How does scree compare to torch.nested?

torch.nested is PyTorch's jagged layout — similar concept, PyTorch-only.

Feature torch.nested scree
Frameworks PyTorch only NumPy + PyTorch + MLX (JAX next)
Status beta since 2021, partial coverage pre-alpha but with all 5 core ops
Apple Silicon works but suboptimal native via MLX backend
Cross-framework not a goal the main goal
Bridges imports only torch bridges to torch.nested, HF padded, FA cu_seqlens, DLPack

scree.bridges.to_torch_nested and from_torch_nested round-trip between the two. Use whichever fits your stack.

How does scree compare to FlashAttention's cu_seqlens?

cu_seqlens is scree's offsets. They're the same int32 buffer with the same [0, L0, L0+L1, ...] layout. scree.from_cu_seqlens(values, cu_seqlens) is zero-copy — the resulting Array shares memory with the inputs.

Once you have a scree.Array, you can pass it around your codebase as a typed value, then unpack at the FlashAttention call. scree doesn't replace FlashAttention; it provides the type that FlashAttention's API would have had if it shipped one.

Can I use it for training?

Today: yes for forward passes. The reference kernels and the Triton forward kernel are autograd-compatible (gradients flow through values). The backward pass for varlen_attention_triton is the v0.1 → v0.2 work.

For now, use the reference kernels for training (slow but correct), or use FlashAttention varlen for the attention op and scree for everything else.

Can I use it for inference?

Yes, with caveats. The forward kernel is fast enough for inference (within 1.21× of FA-2 on H100). What's missing for production inference:

  • KV cache append — concatenating new tokens to an existing KV cache. Currently you'd have to do it in PyTorch ops outside the kernel.
  • Paged KV cache — vLLM-style block-paged storage.

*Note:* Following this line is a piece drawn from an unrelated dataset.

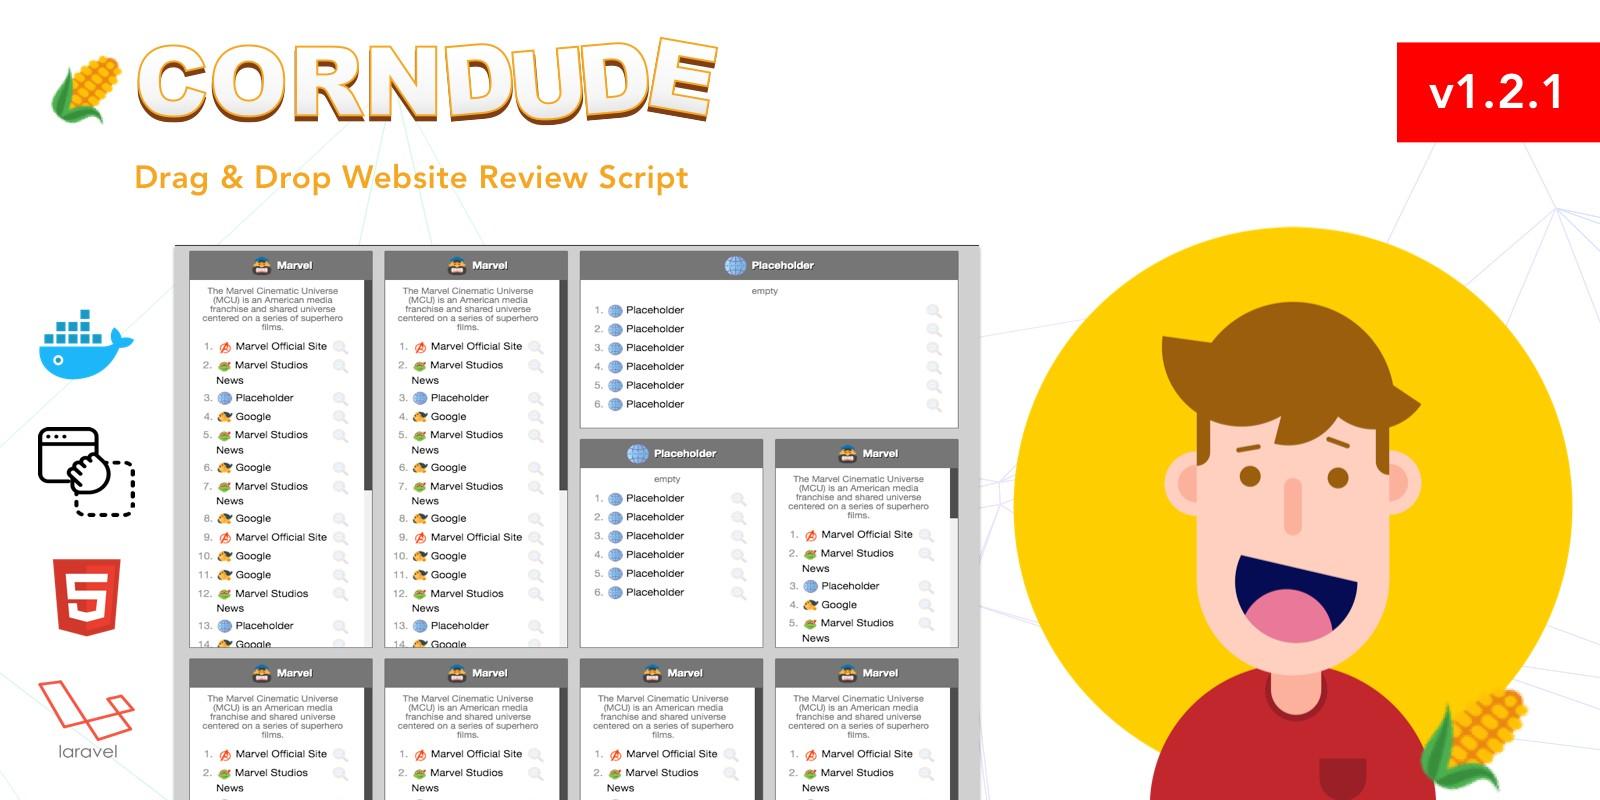 Corndude - Drag And Drop Website Review Script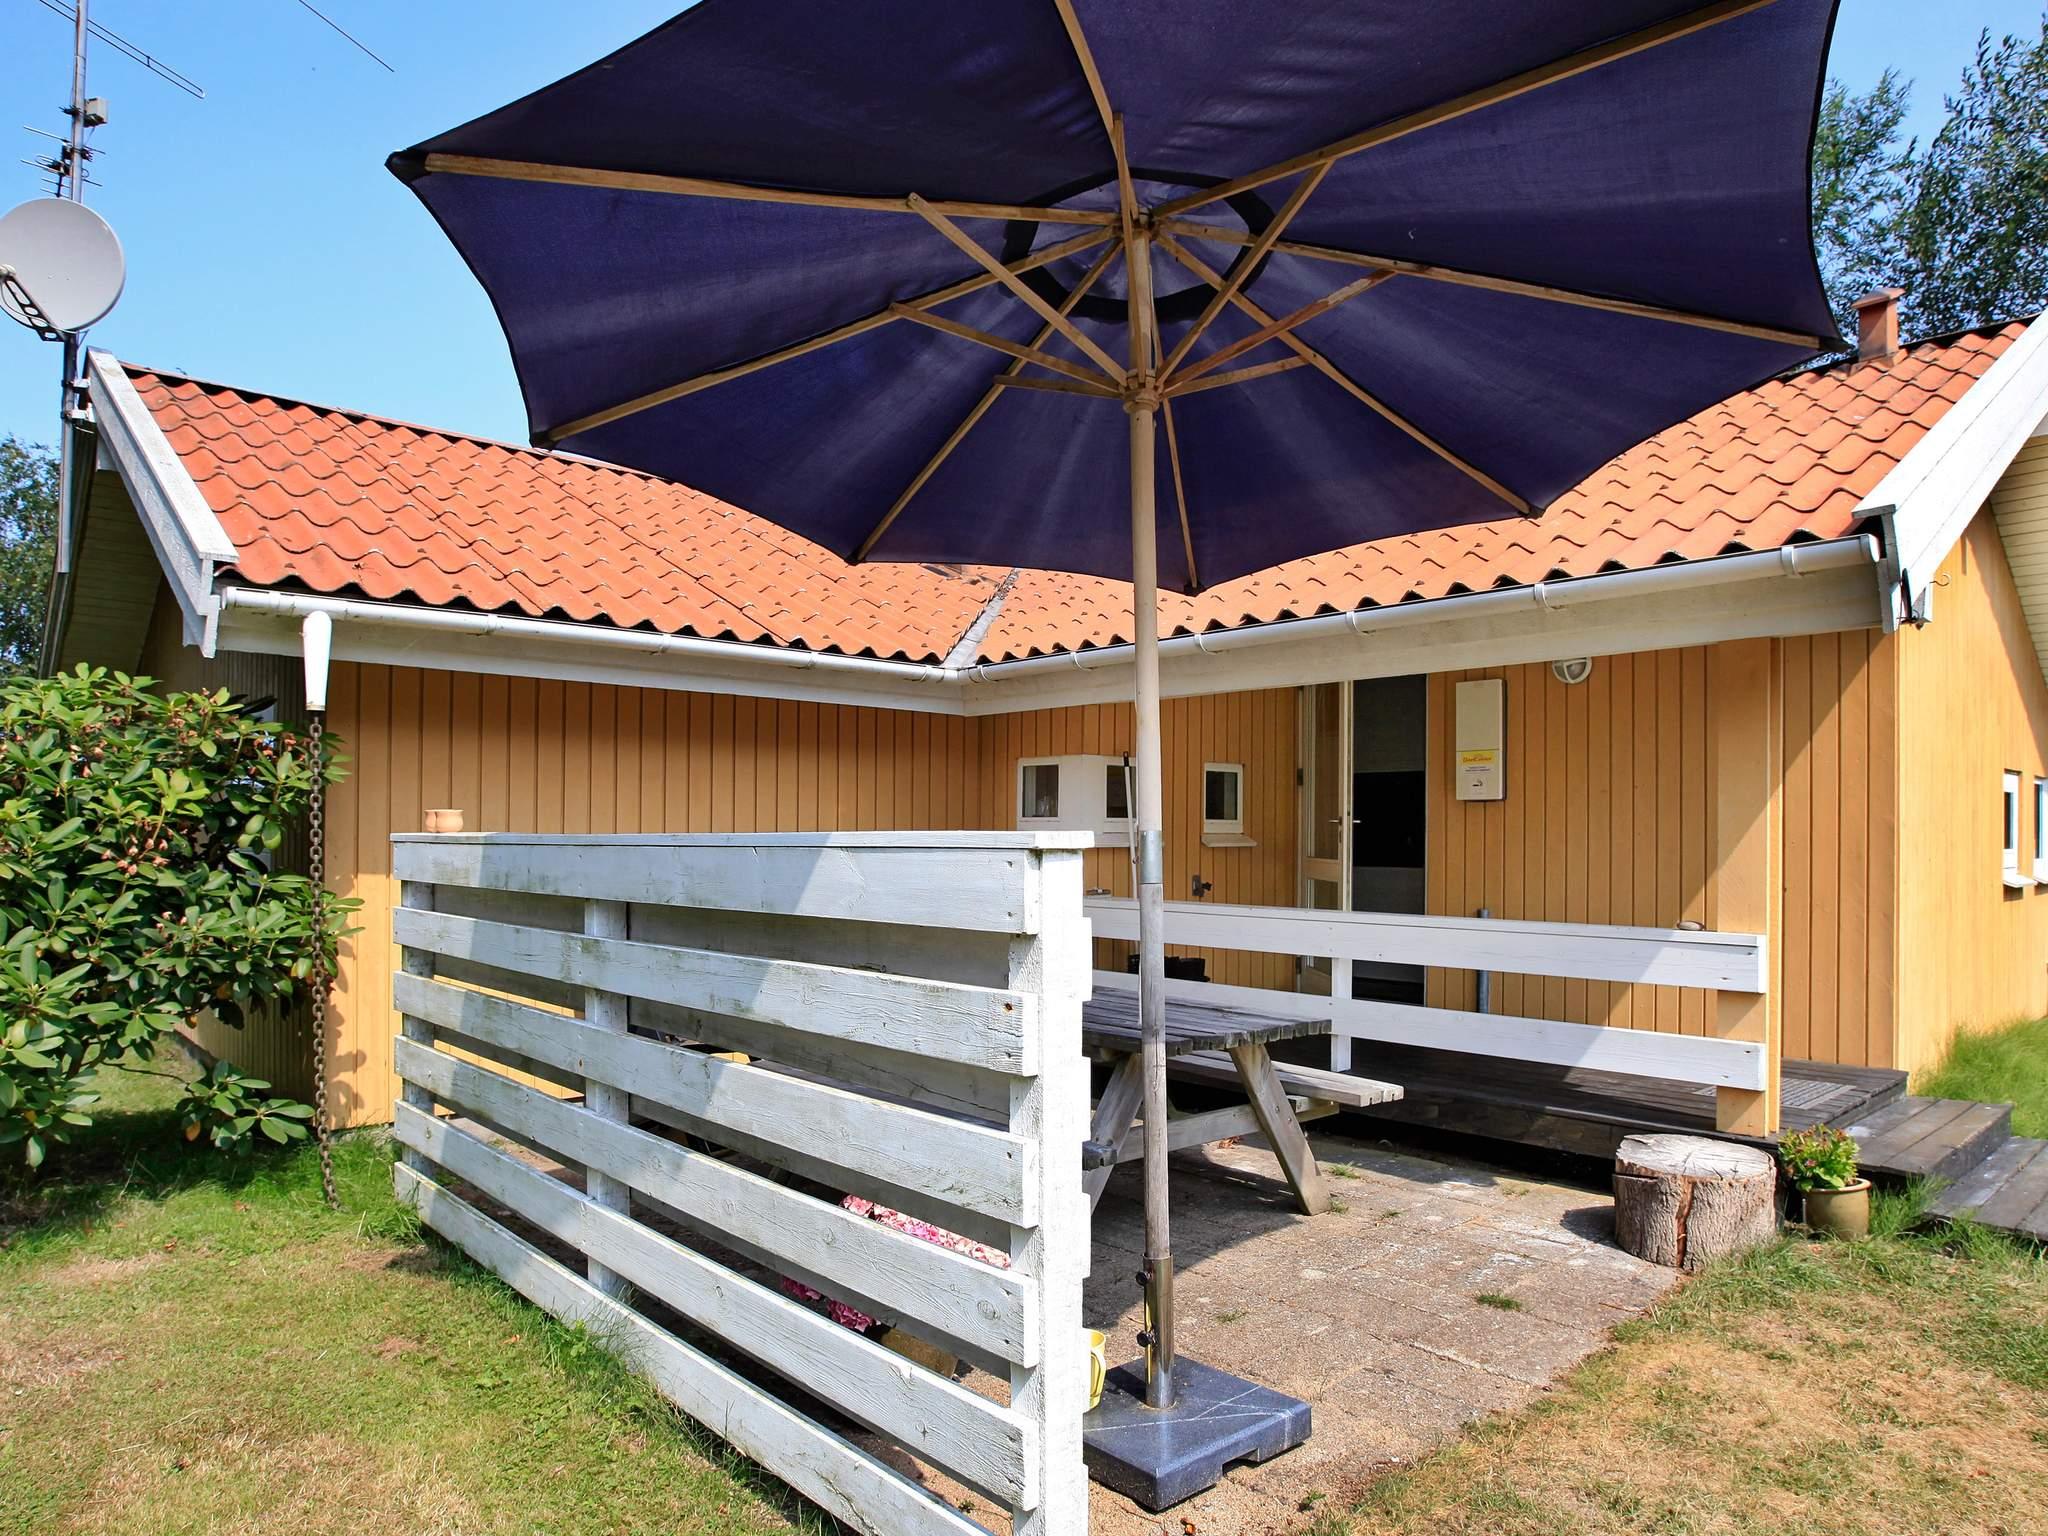 Ferienhaus Ristinge (125632), Ristinge, , Langeland, Dänemark, Bild 37

Not yet supported.
  • Continuous batching adapter — integration with vLLM/SGLang as a batch format. Planned for v0.2.

For static-batch inference (e.g., evals), scree works today.

What about JAX?

JAX backend is the most-requested feature for v0.1. The main work is adapting pack/unpack/to_padded/from_padded to JAX's immutable arrays (similar to the MLX adaptation done in commit 4876a21). Tracked in architecture.md "Adding a new backend."

What about MLX (Apple Silicon)?

Supported in v0.0 — see getting-started.md. MLX is a first-class backend; all reference kernels work, and MLX matmul uses tensor-core mixed precision (similar to NVIDIA's TF32), so cross-backend agreement with NumPy is to ~5e-3.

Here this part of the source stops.